Regular Expressions in Rexx to crack a comma delimited file 
Author Message
 Regular Expressions in Rexx to crack a comma delimited file

Patrick
I started another thread on this topic so it's not buried so deep.  I'm
e{*filter*}d by your contribution on RE's and
Rexx.  This will be a great contribution to the language.
I hope you take my comments as constructive not as criticism.

I currently use comma delimited files (.csv) files to communicate back and
forth between my programs
and Excel.  Hence I don't see every possible permutation of a comma
delimited file.
There will generally be:
1. text strings potentially with spaces and commas.  ex:
"1,2-Dichlorobenzene QA Flag"
2. numbers separated by commas.  ex: 1.0235,22.3,4.5
3. blank fields specified by just commas (even at the end). ex: 1.0235,,4.5,

While there are other possiblities, I don't generally deal with them.  Such
as:
4. A Quoted field within quotes: ex: "this "code " is silly"
5. Rexx's  ability to use single and double quotes. ex: 'this "code"
isn'"'"'t silly'
And finally, I'm not deeply into the Unix world, hence I don't have to mess
with
6. Dealing with the escape "\" symbol.  ex:  "this is \" a quote symbol"
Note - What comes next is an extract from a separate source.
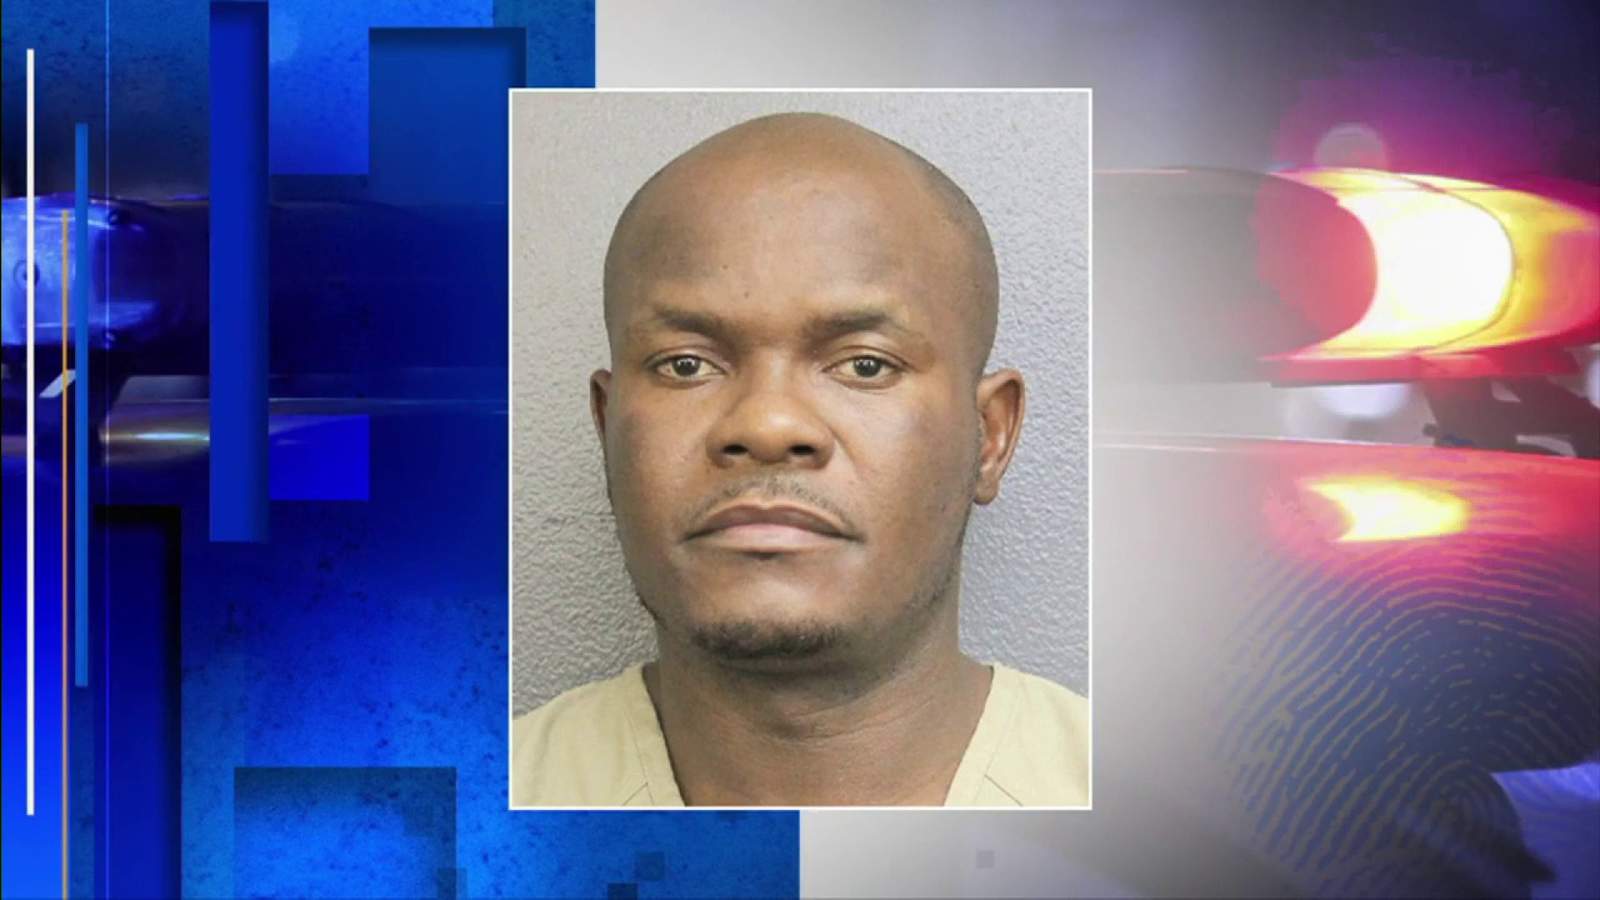 Fort Lauderdale man raped woman after posing as Uber driver, police say

So, getting down to business
Can one use a RE in your new code to crack the string with seven fields
(note the last one is blank):

string = ' Chemical:, "1,2-Dichlorobenzene Value","1,2-Dichlorobenzene QA
Flag",,,1.2345,'

I've tried:
1. fpat.1 is the RE proposed by an AWK book I have and does not work in the
code below.
2. fpat.2 is the RE proposed by the same AWK book for embedded quotes, it
doesn't work also.
and finally
3. fpat.3, which is what you proposed in the last thread.
Now fpat.3 works great on the hard stuff but fails on the seeminly easy
part.
I fails to send out blank fields.  From the defined string it finds:

#1 Chemical:
#2 1,2-Dichlorobenzene Value
#3 1,2-Dichlorobenzene QA Flag
#4 1,2345
it misses three fields: the two blank fields before the 1.2345 and the one
at the end.

Blank fields are an important issue for me because my Excel sheets rarely
fully populated.

--- regina code:

trace '?r'
rcc = rxfuncadd('reloadfuncs', 'rexxre', 'reloadfuncs')
if rcc then fail('load' rxfuncerrmsg())
call reloadfuncs
fpat.1 = ReComp('"[^"]*"|[^,"]*', 'x')
fpat.2 = ReComp('"([^"]|"")*"|[^,"]*', 'x')
fpat.3 = ReComp('"[^"]*"|[^,"]+', 'x')
string = ' Chemical:,"1,2-Dichlorobenzene Value","1,2-Dichlorobenzene QA
Flag",,,1.2345,'
matched = ReParse(fpat.3, somestring, 'vt', 'FIELDS')
  say fields.0 'fields'
  do i = 1 to fields.0
    say "#"i fields.i
    end

REX


% I downloaded Regina and then your rexxre.dll.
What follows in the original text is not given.